### What you should do
The response should consist of every line below, restated exactly, with no pictures.

### Data block
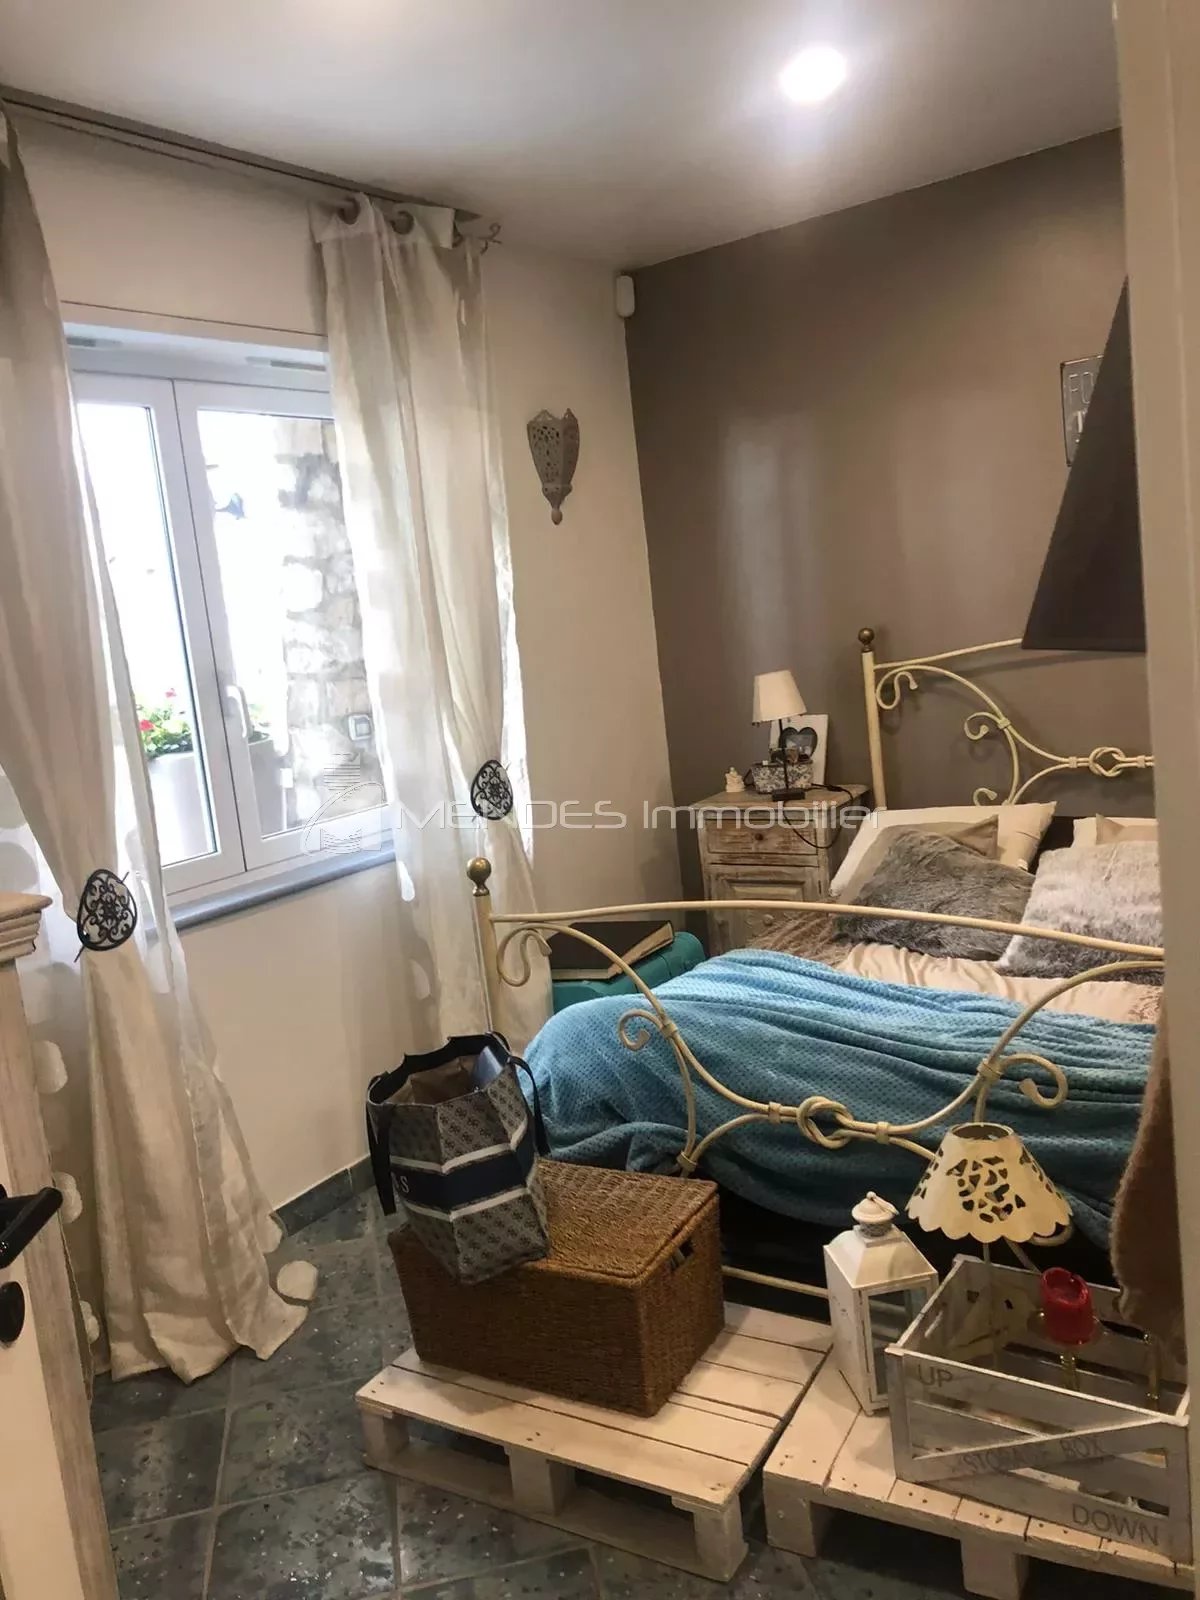 2 BR WITH POLL IN ROQUEBRUNE CAP MARTIN
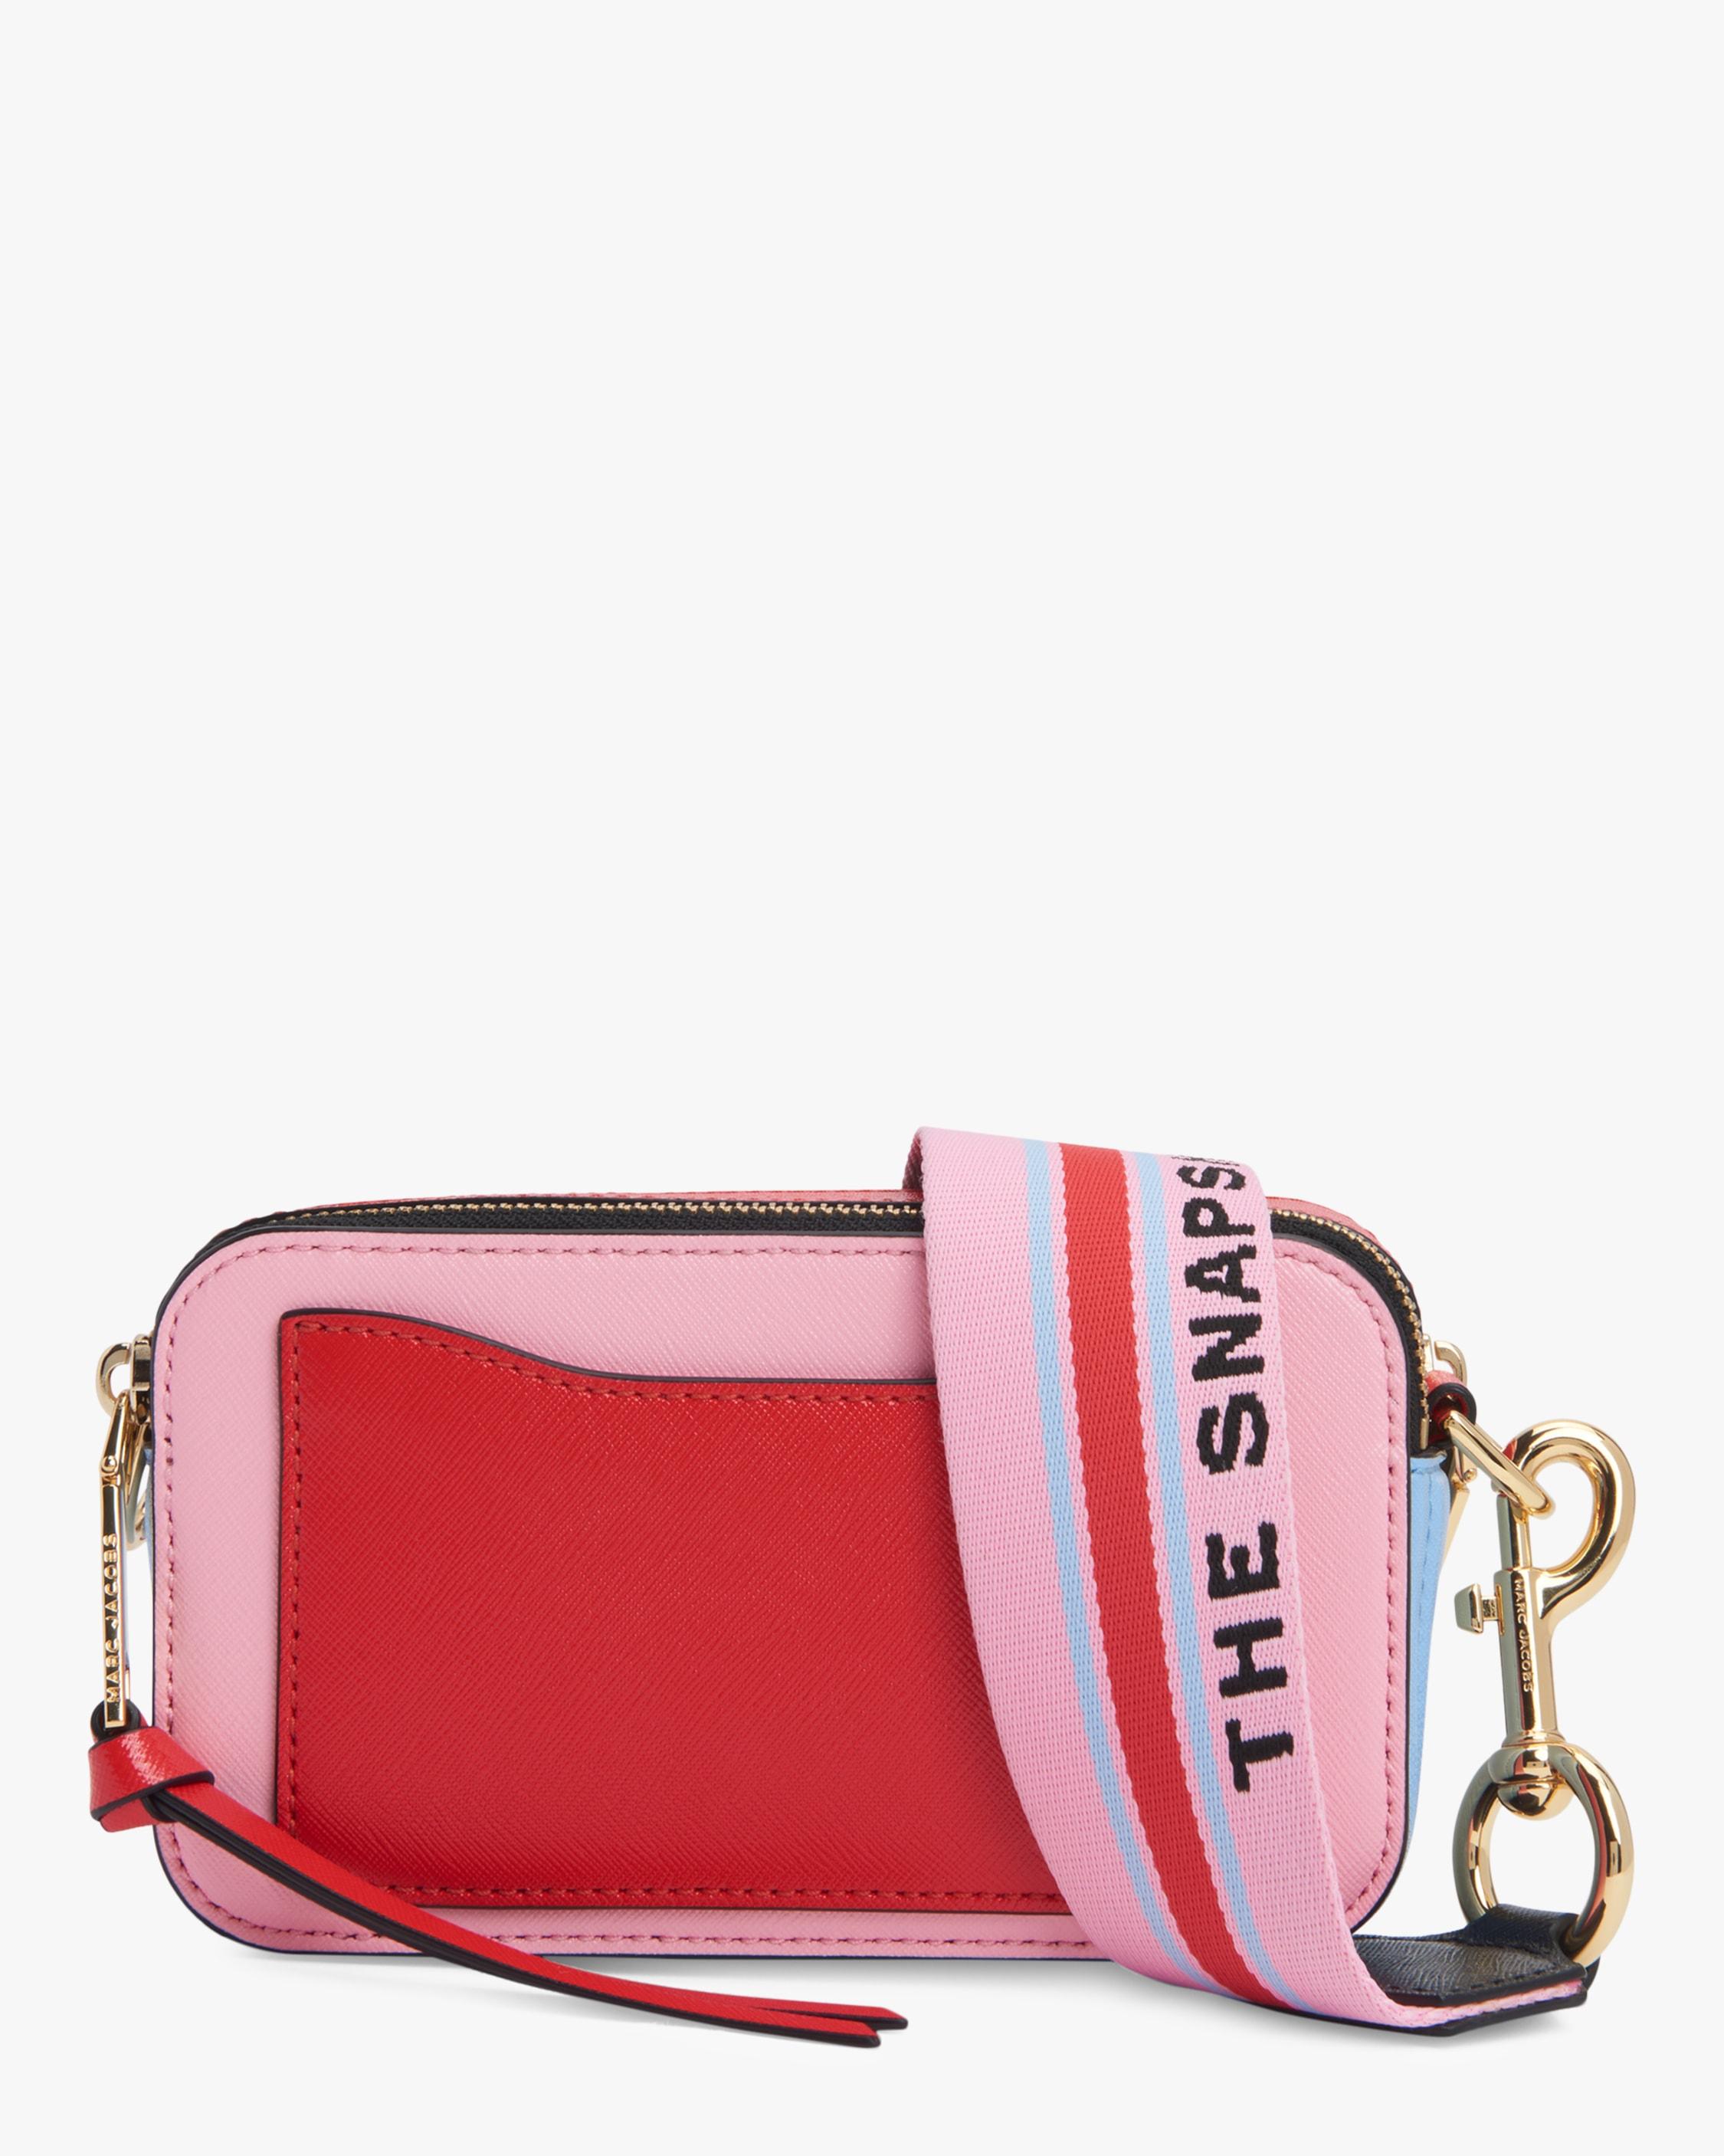 Marc Jacobs The Snapshot Camera Bag in Pink - Lyst
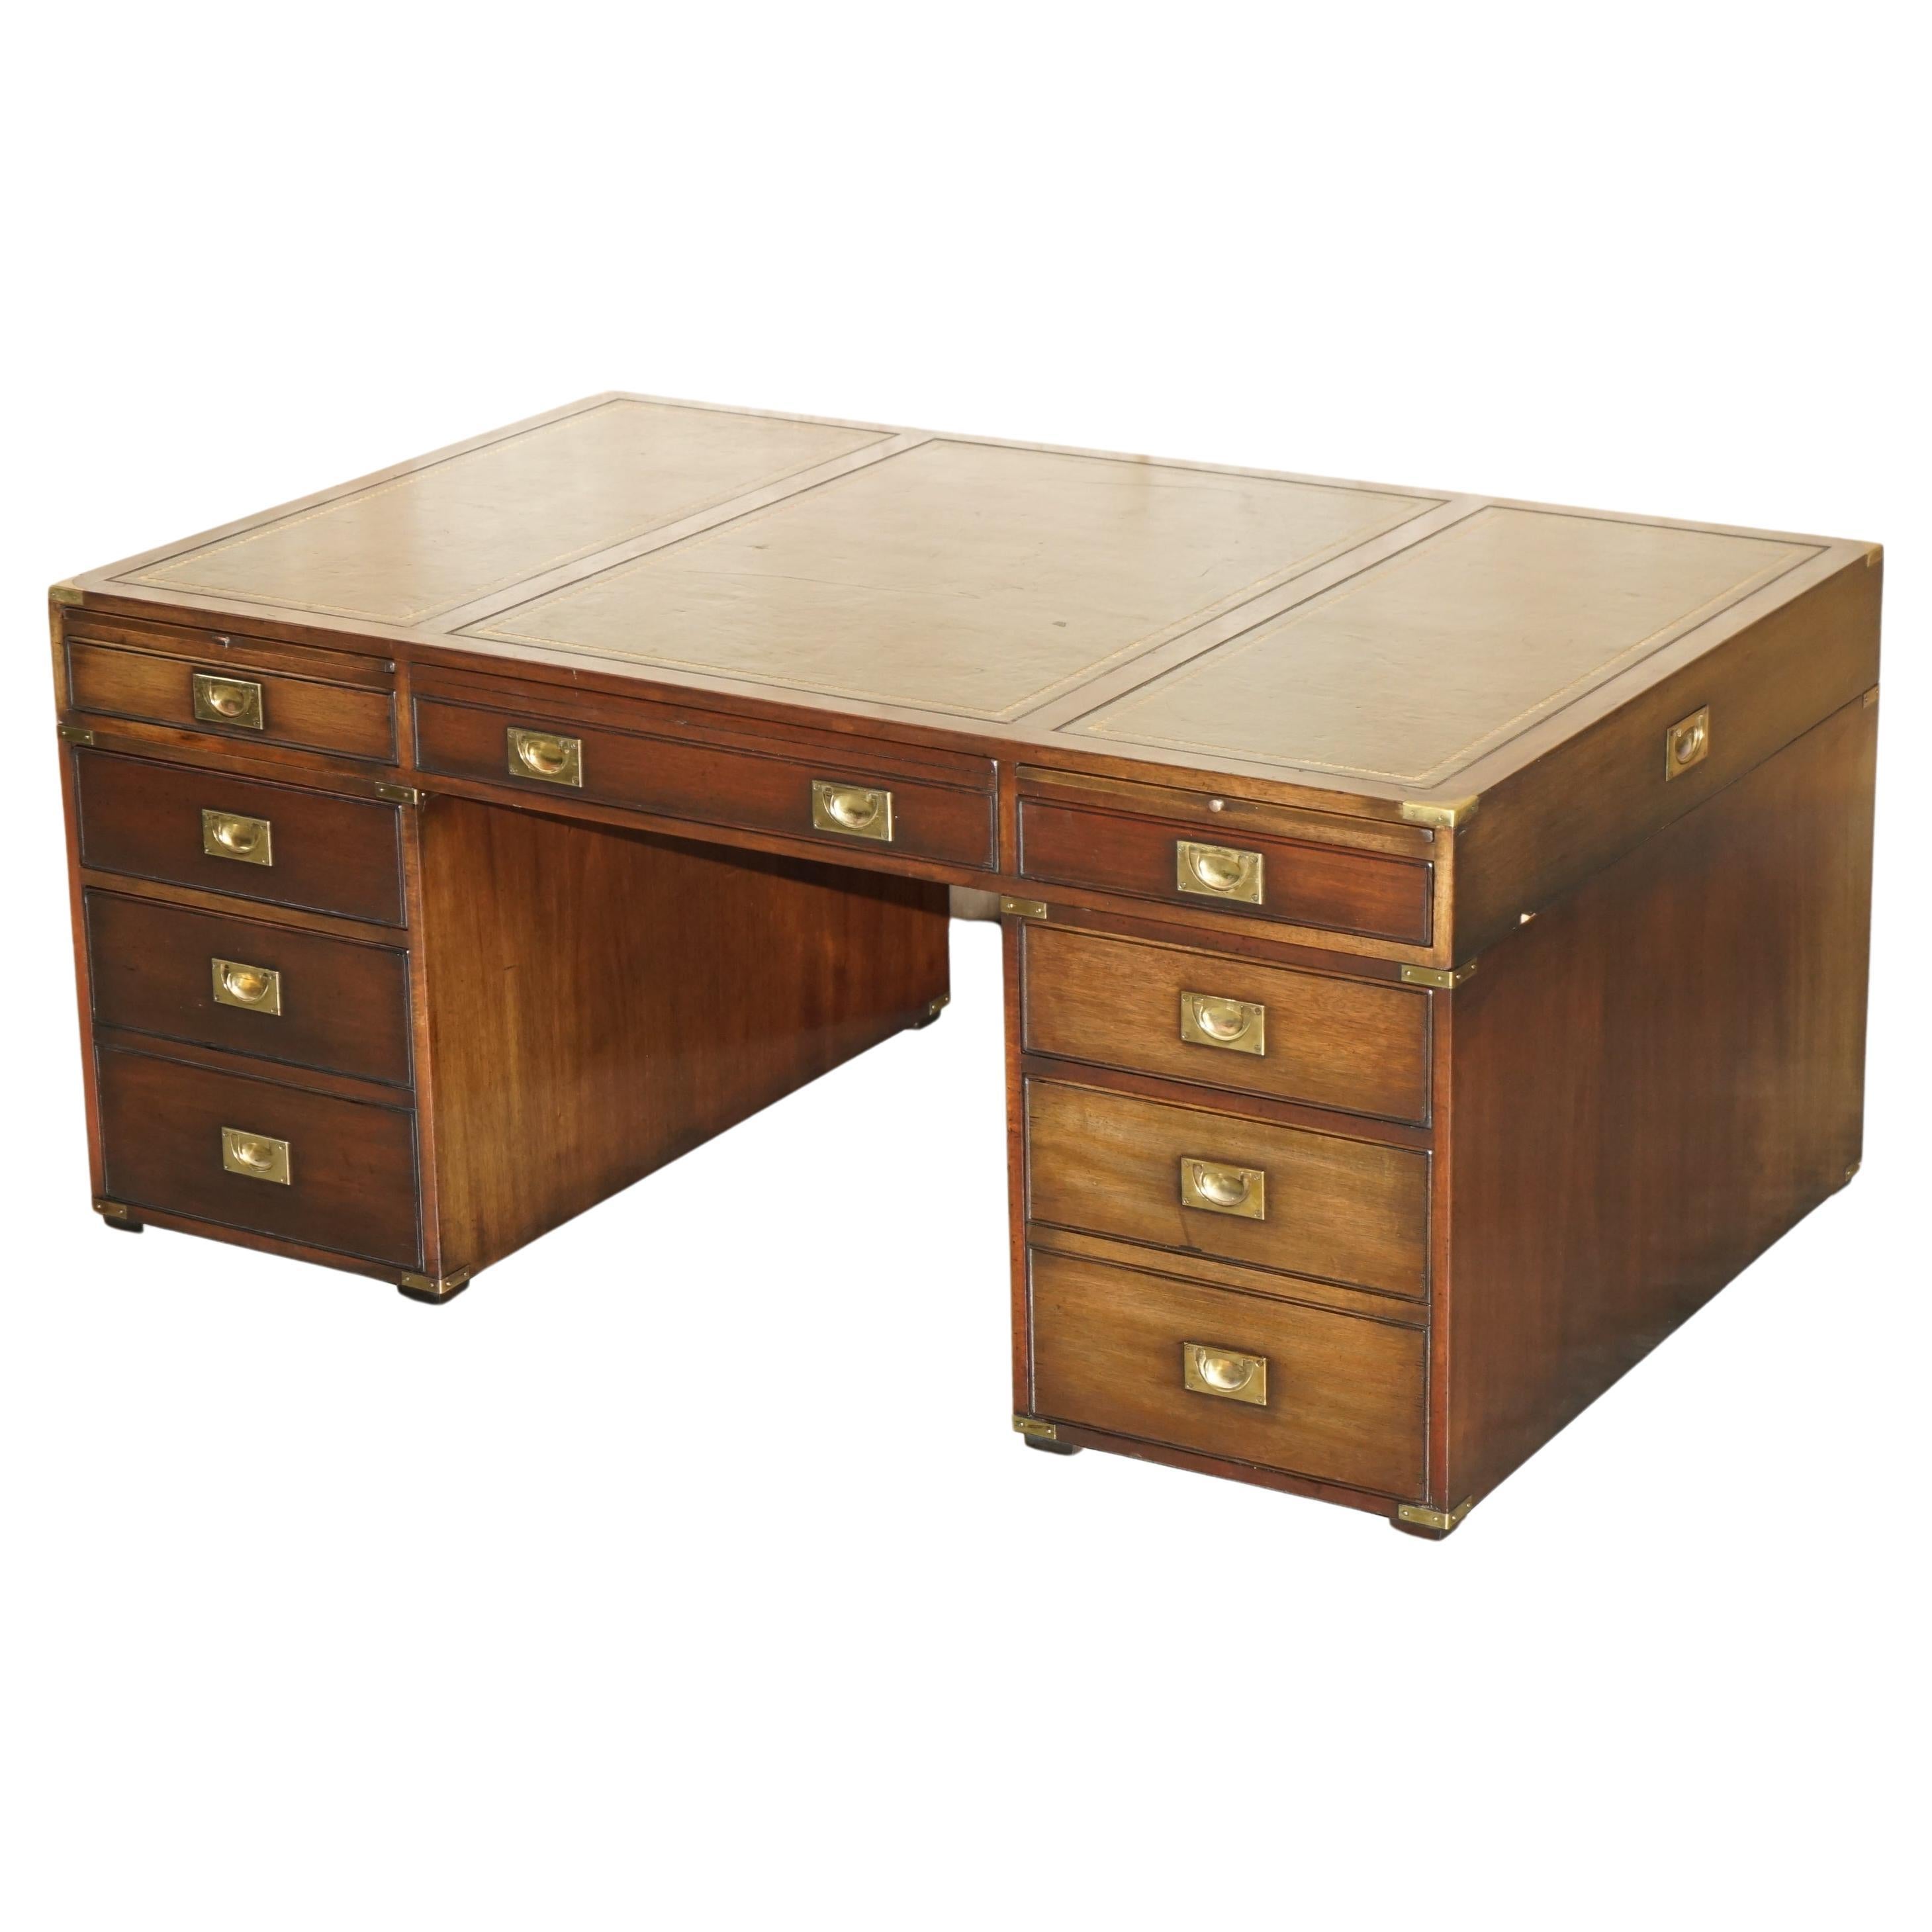 What is a double-sided desk called?

### Your response
 2 BR WITH POLL IN ROQUEBRUNE CAP MARTIN
 Marc Jacobs The Snapshot Camera Bag in Pink - Lyst
 What is a double-sided desk called?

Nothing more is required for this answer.